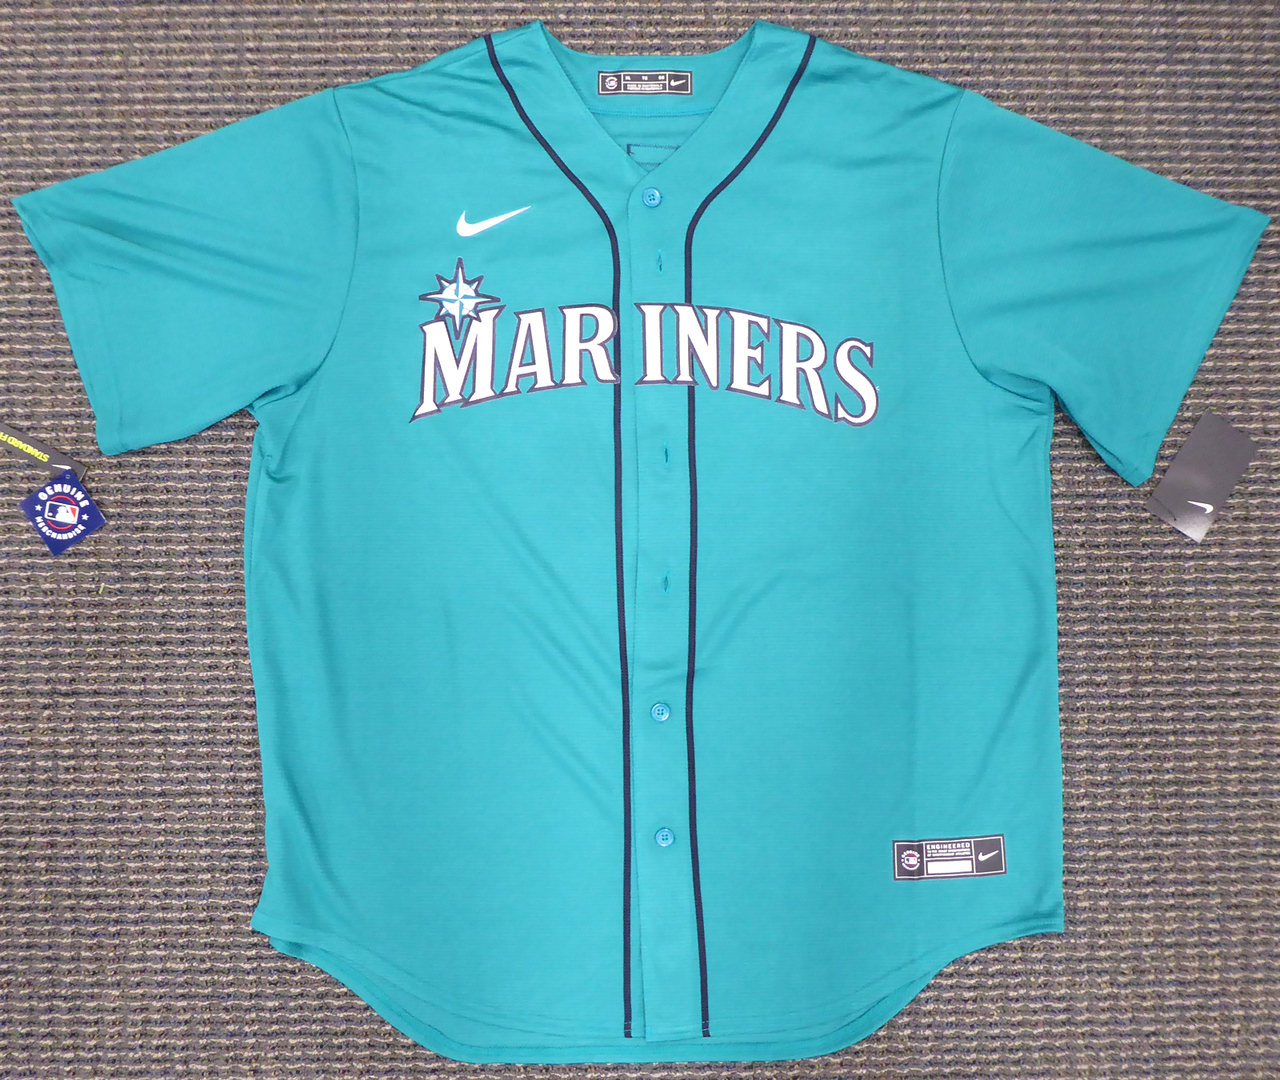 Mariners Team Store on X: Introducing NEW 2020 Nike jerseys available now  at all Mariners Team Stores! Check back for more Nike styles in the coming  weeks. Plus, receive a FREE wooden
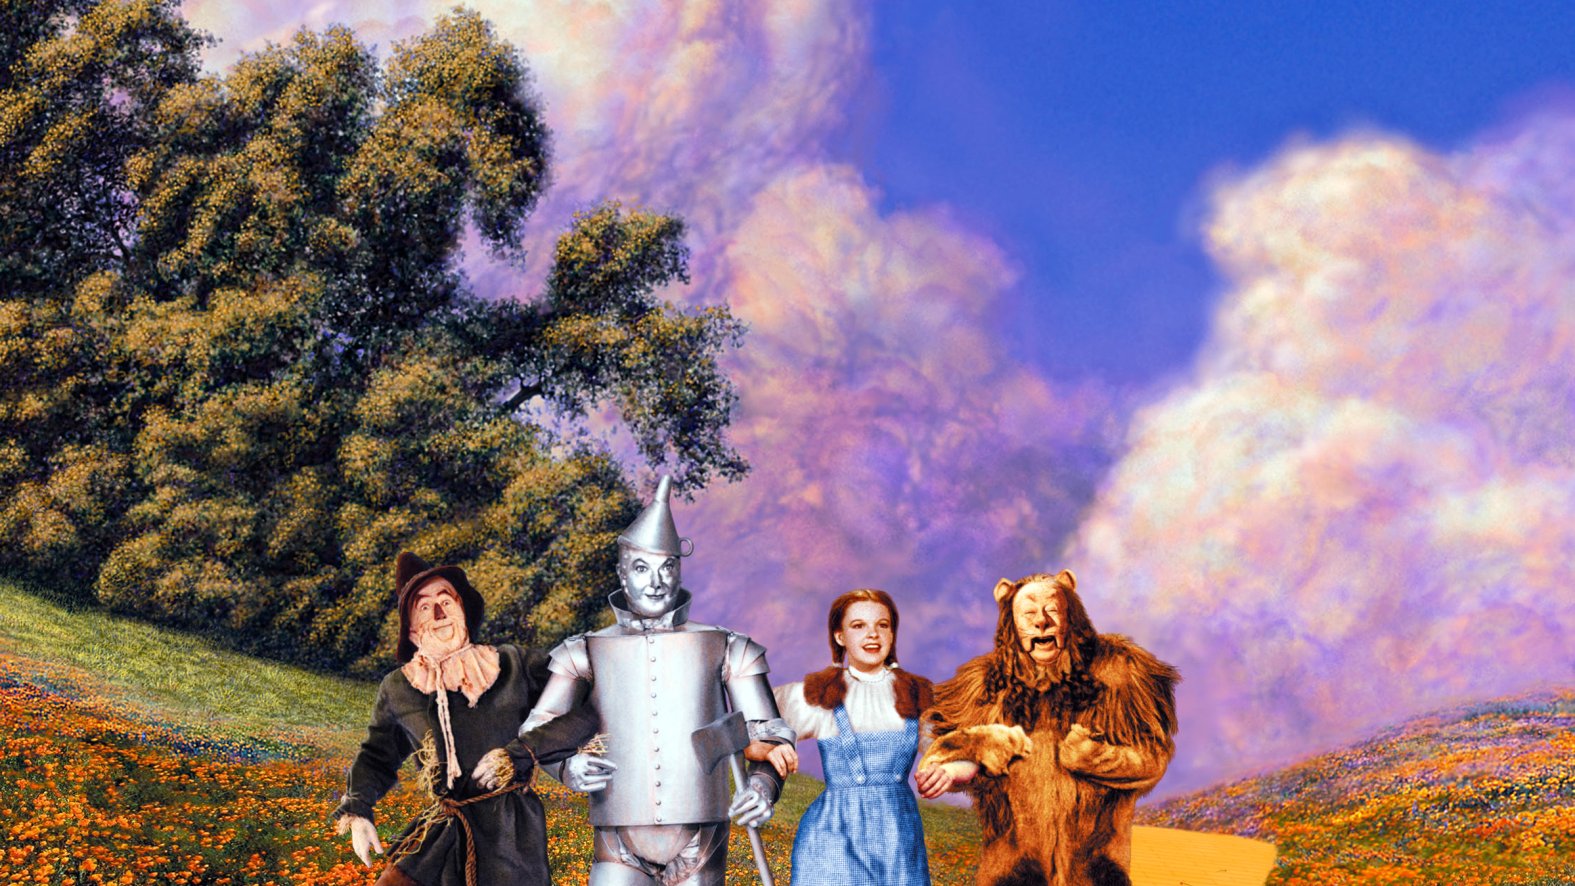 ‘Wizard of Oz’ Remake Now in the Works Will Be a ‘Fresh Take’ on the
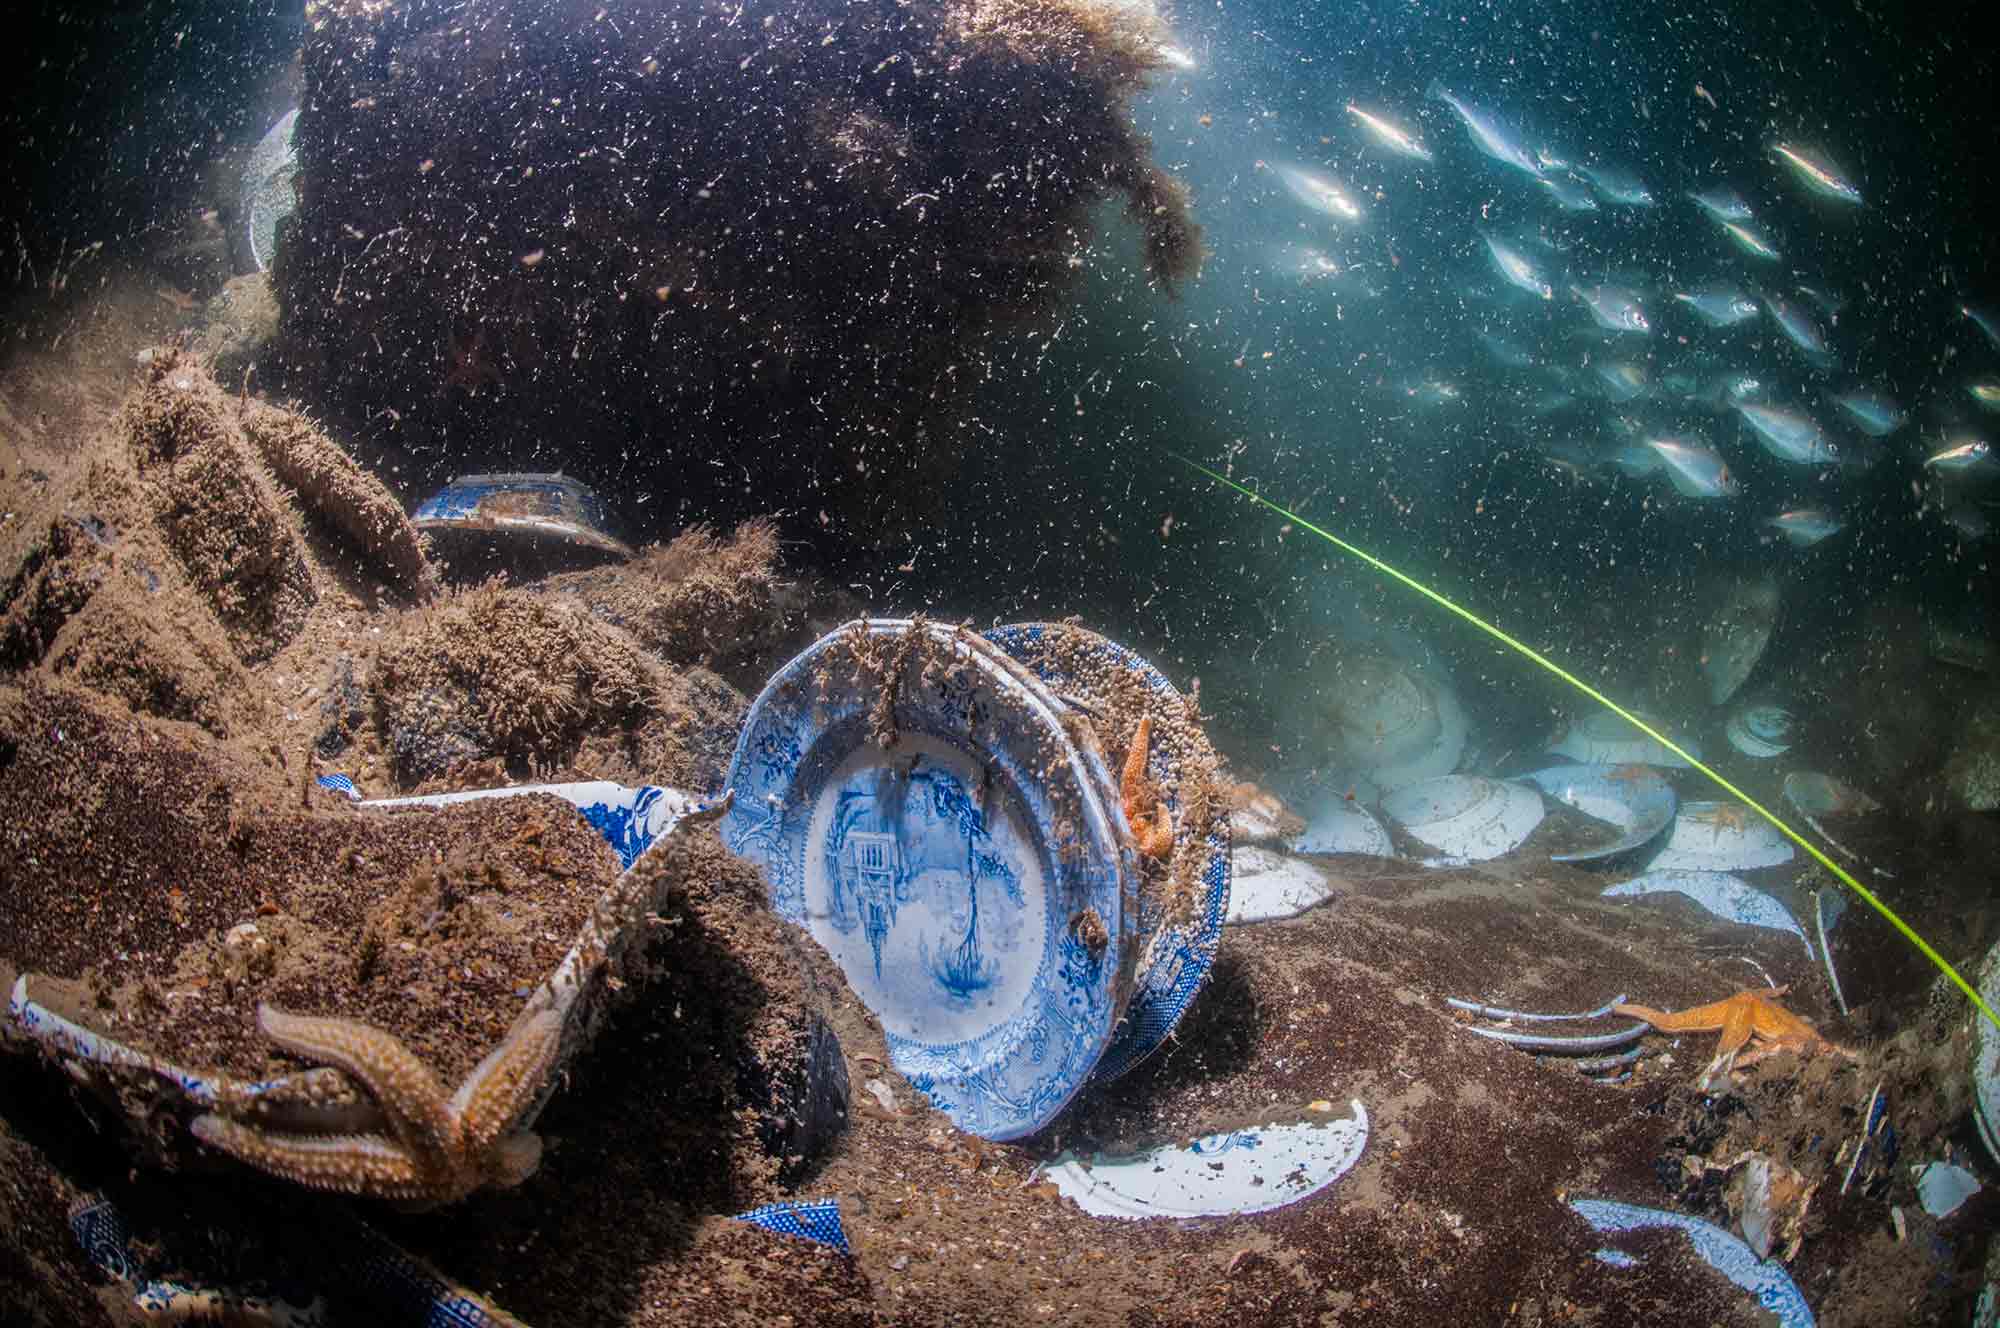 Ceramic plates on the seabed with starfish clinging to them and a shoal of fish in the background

==

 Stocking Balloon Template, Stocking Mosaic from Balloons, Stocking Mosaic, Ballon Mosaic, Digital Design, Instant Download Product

● **WORK ITEM**:
In the material above, which lines fall between the one holding "Mariners Team Store on" and the one holding "Take’ on the", inclusive? Print exactly those, with the pictures left out.

● **SOLUTION FOR THIS PROBLEM**:
 Mariners Team Store on X: Introducing NEW 2020 Nike jerseys available now  at all Mariners Team Stores! Check back for more Nike styles in the coming  weeks. Plus, receive a FREE wooden
 ‘Wizard of Oz’ Remake Now in the Works Will Be a ‘Fresh Take’ on the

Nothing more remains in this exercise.